Круглов не отвечает: задумчиво смотрит в голубой листок, что держит в руке. Старпом повторяет доклад. Командир поднимает голову, не спеша складывает листок, проглаживает пальцами на сгибах и, немного помедлив, приказывает:
— Отбой боевой тревоги! Готовность номер один… Я пойду к себе, старпом.
Он спускается с платформы и идет из отсека. Его провожает десяток пар настороженных глаз. В них немой вопрос: “Командир взволнован. Что-то случилось. Но что?…”
Рядом со мной сидит штурманский электрик Толя Скворцов. На его курносой физиономии прямо-таки написано пламенное желание поговорить. Он заговорщицки подмигивает мне, косится на своего начальника лейтенанта и тихонько шепчет:
— Заметили, как сегодня старпом тревогу объявлял?
— Нет.

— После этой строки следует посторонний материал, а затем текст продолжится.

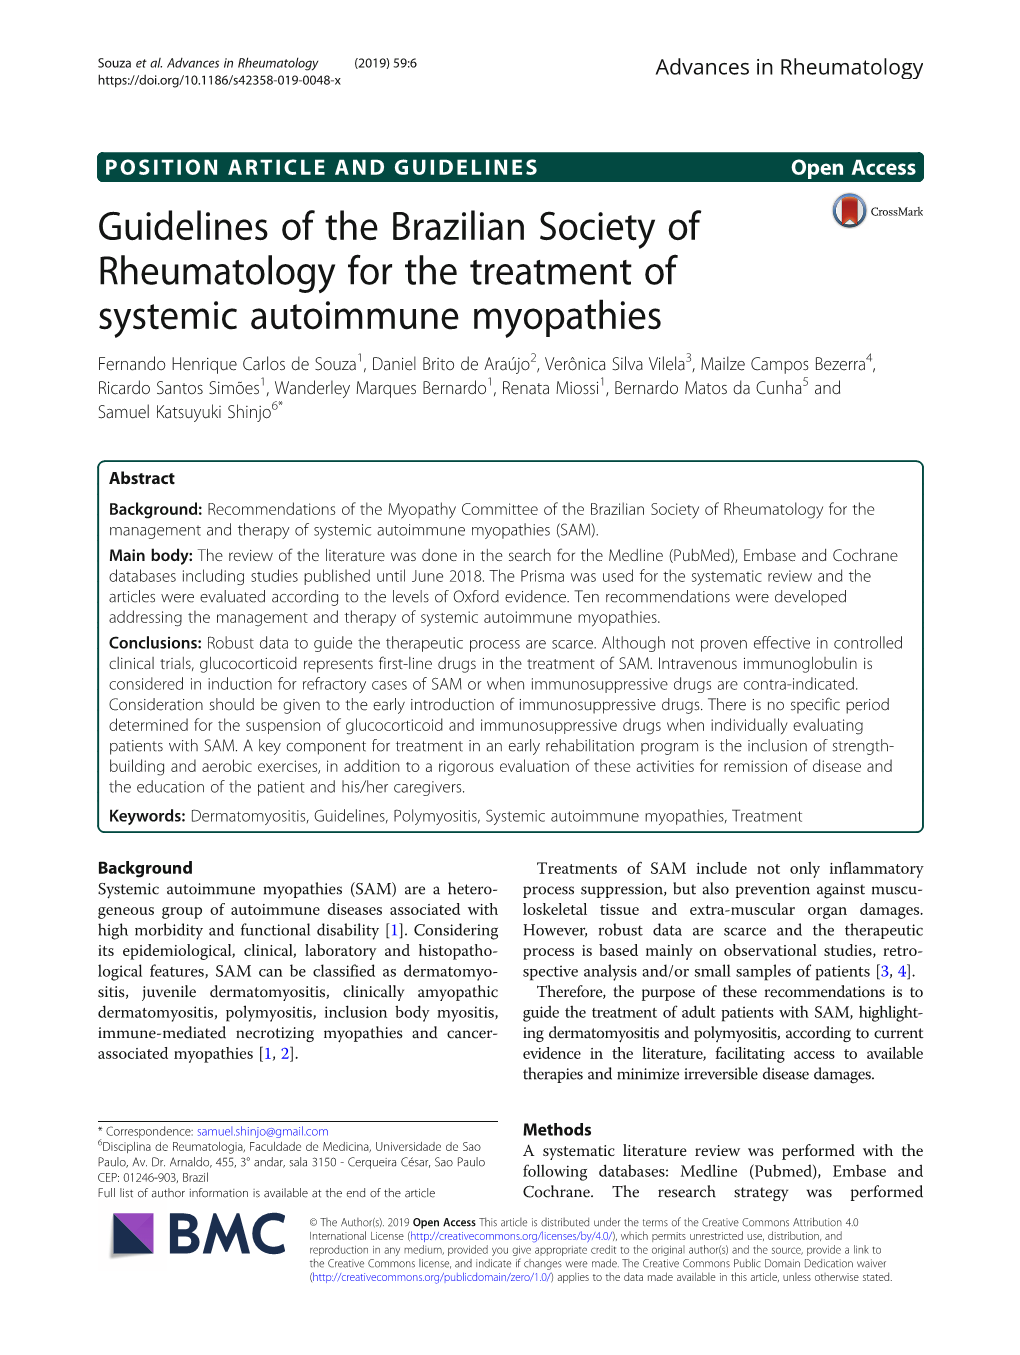 Guidelines of the Brazilian Society of Rheumatology for the Treatment Of

А что? — шиплю я в ответ и украдкой поглядываю на Никитина — он не выносит посторонних разговоров в центральном посту.
— А то, что объявил не как обычно “учебно-боевая”, а просто — “боевая тревога”. Может…
— Скажешь тоже, — машу я рукой и смеюсь.
— Разговорчики! — обрывает наш шепот сердитый раскатистый бас Никитина, и в центральном посту надолго воцаряется тишина. Ее нарушает пронзительный телефонный звонок. Старпом снимает трубку, слушает, наморщив лоб гармошкой, отвечает: “Есть!” — и, повесив трубку, подтягивает к губам микрофон. Его голос звучит громко и строго:
— Командир приглашает к себе научных сотрудников института. Повторяю… Командир приглашает…
Дальше я уже не слушаю, тороплюсь из отсека. Толя Скворцов подмигивает мне: дескать, “видишь? А что я говорил?”
— Ерунда! — проходя мимо, шепчу ему. — Фантазируешь…
Наш “интеллектуальный дуэт” (так в шутку нас прозвали моряки) сидит в каюте командира. Иннокентий и я восседаем рядком на диване, Круглов занимает кресло. Командир бледен, очень собран и излишне официален, даже чопорен. Чего-чего, а уж последнего за ним прежде не замечалось.
— Товарищи, мною получена радиограмма штаба, — наконец говорит он и косится на лежащий перед ним голубой листик бумаги. В голосе чувствуется сдерживаемое напряжение. — Весьма срочная радиограмма, — подчеркивает он. — Она существенно меняет план нашего похода…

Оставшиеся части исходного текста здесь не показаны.